Campaign for Mayor of Reykjavík has begun Skip to content

Campaign for Mayor of Reykjavík has begun

By Iceland Review

Many voters in Reykjavík want former talk-show host Gísli Martein Baldursson as their next mayor. According to a new poll by Fréttabladid, 25% of those surveyed chose Gísli Marteinn as the candidate they most wanted to see as the next mayor of Reykjavík.Gísli Martein is currently deputy city councilor for the Independence Party. On Sunday he announced that he would be seeking the top seat on Independence Party slate in the upcoming primary.

Over 20% of those surveyed chose Stefán Jón Hafstein, the top-ranking councilor for the Social Democratic Alliance in the R-coalition; 18% chose Vilhjálmur Th. Vilhjálmsson, currently the top-ranking councilor for the Independence Party in Reykjavík. In fourth place was Reykjavík’s current mayor, Steinunn Valdís Óskarsdóttir, with 10% of the respondents choosing her.

Gísli Martein told Fréttabladid that he was thankful for the results of the survey and found it “fun” that people believed in him, especially since he had not announced that he was running for the number one spot when the survey took place.

Stefán Jón said that he was very happy with the results but was not going to comment on the rankings of other candidates.
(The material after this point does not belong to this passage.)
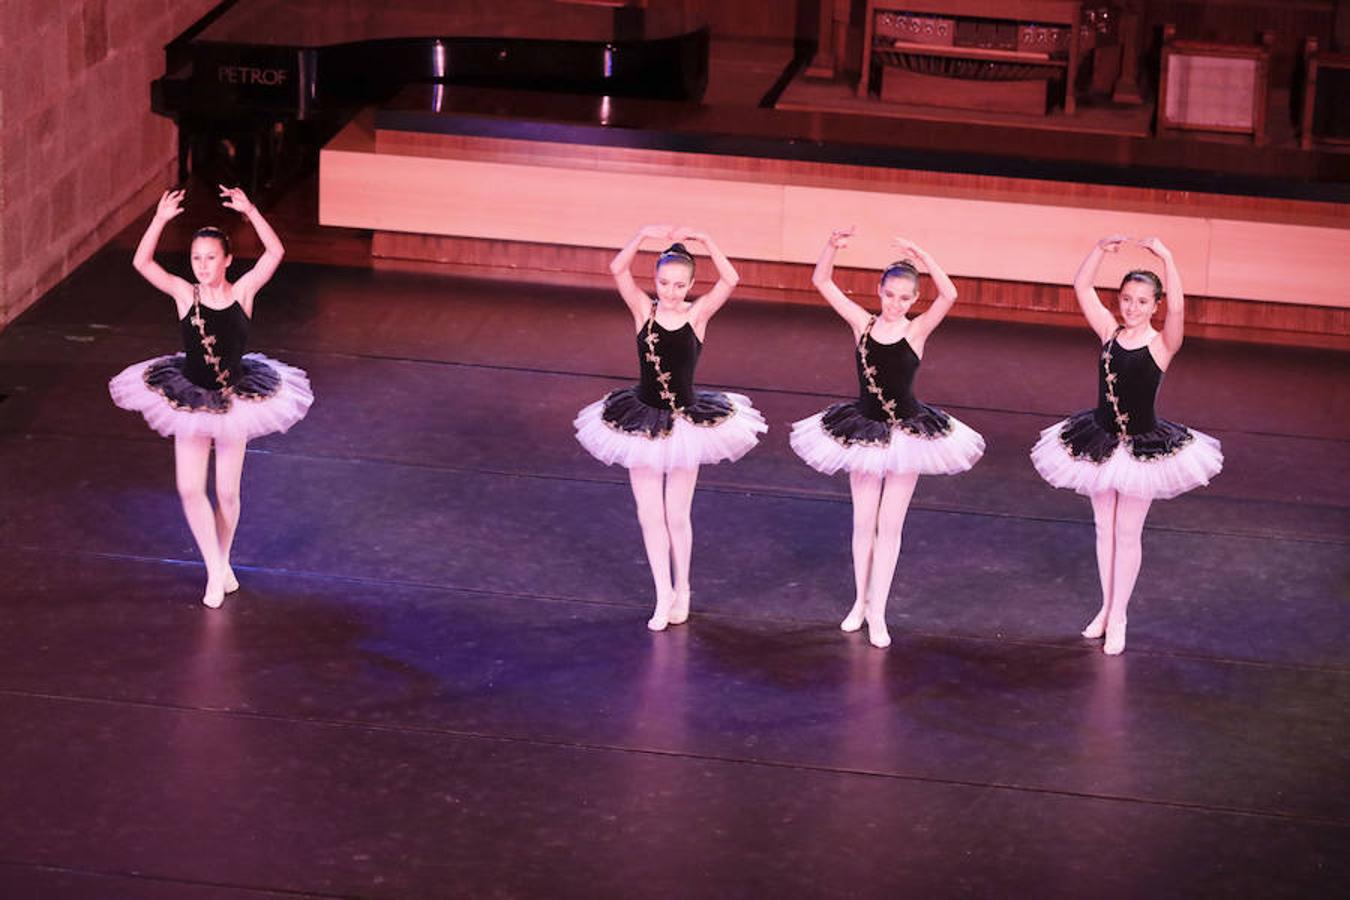 El complejo cultural San Francisco acoge la gala de final de curso de los alumnos del Conservatorio Elemental de Danza de la Diputación cacereña

The current mayor, Steinunn Valdís, responded to the results by saying, “The survey was done on Saturday and Sunday when the two challengers, Gísli Marteinn og Stefán Jón, were prominent in the media.” She continued to say that it was obvious many women had not made up their minds.
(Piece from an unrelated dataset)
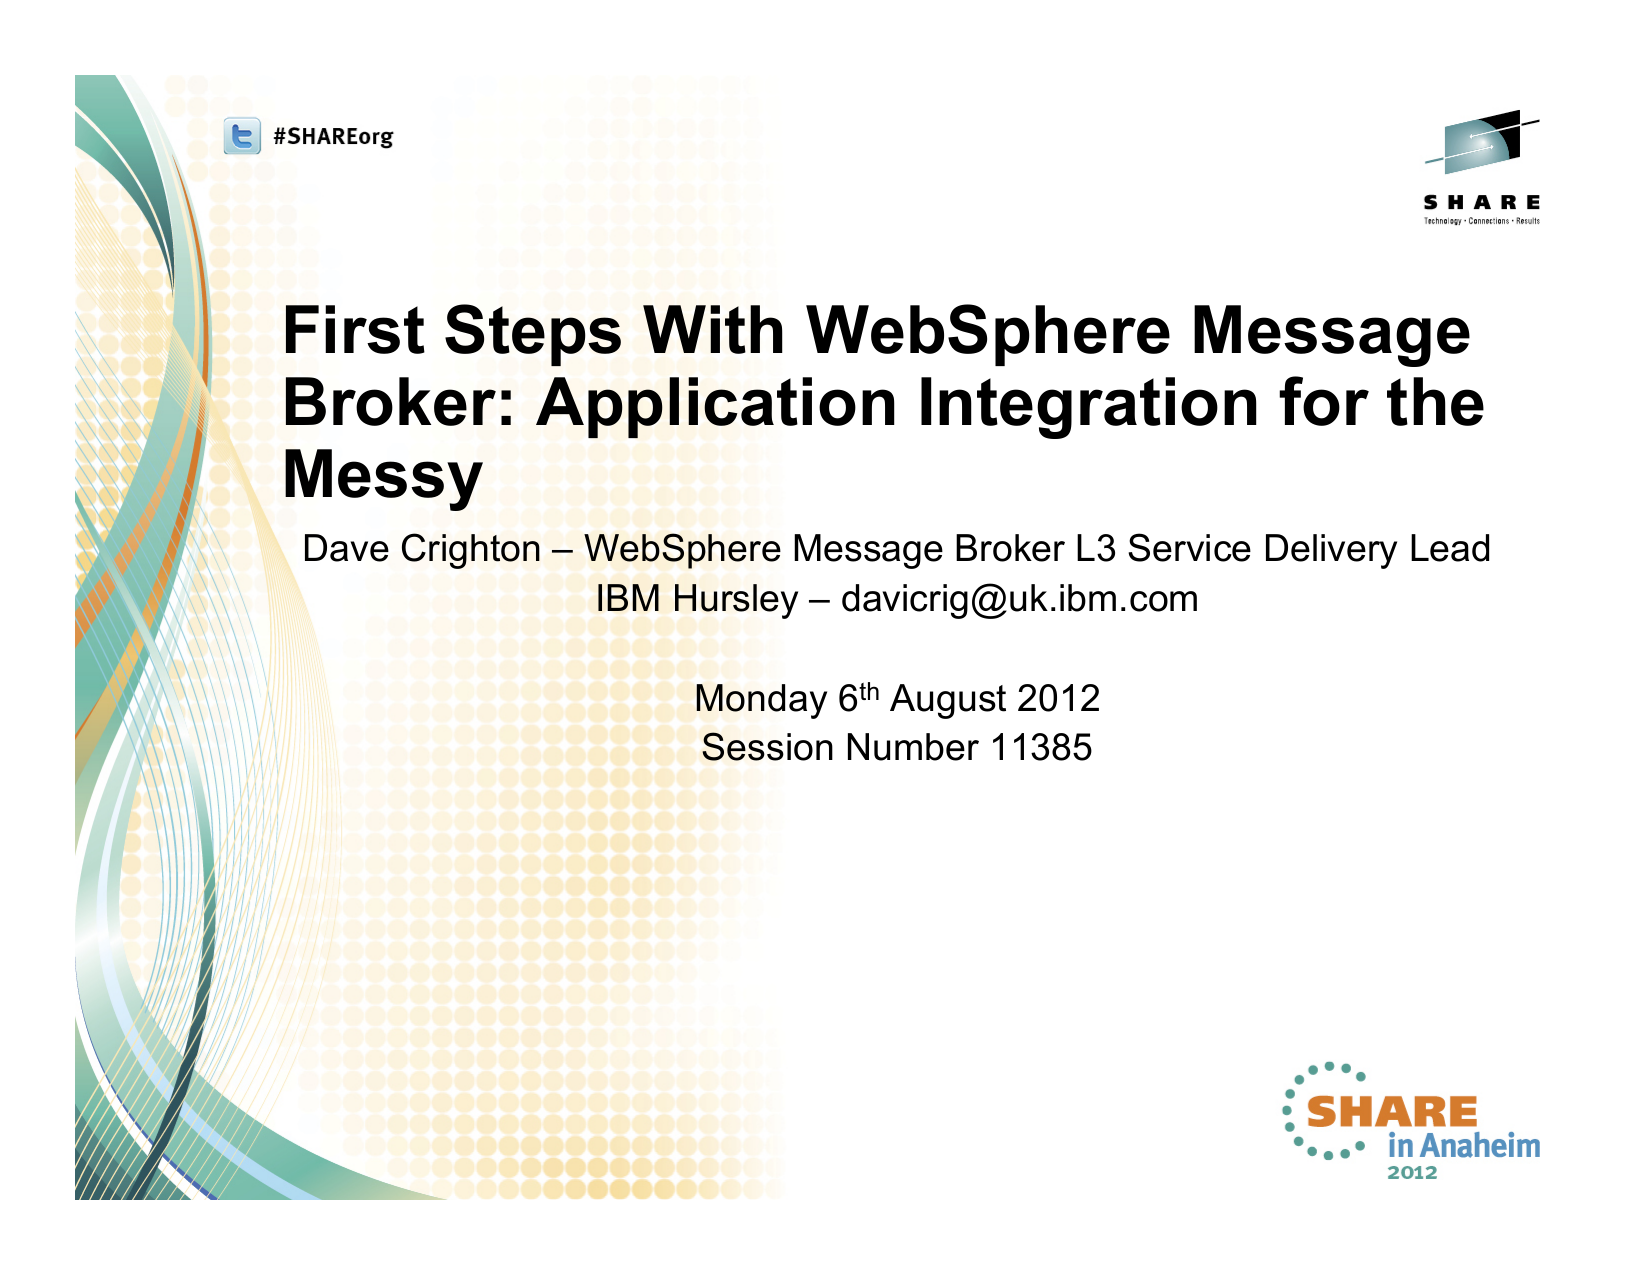 Websphere message broker jobs in india

Yesterday the Fréttabladid reported that according a recent poll the Independence Party would receive 53% of the vote, support for the Social Democratic Alliance measured in at 30%, and 9% of the respondents said they would vote for the Left Green Party. The Progressives, the party of the current prime minister, Halldór Ásgrímsson, received less than 5% support, not enough to elect a councilor. Two percent of the respondents said they would vote for the Liberal Party. Over one third of the respondents said they had still not made up their mind.

The elections will be held next spring.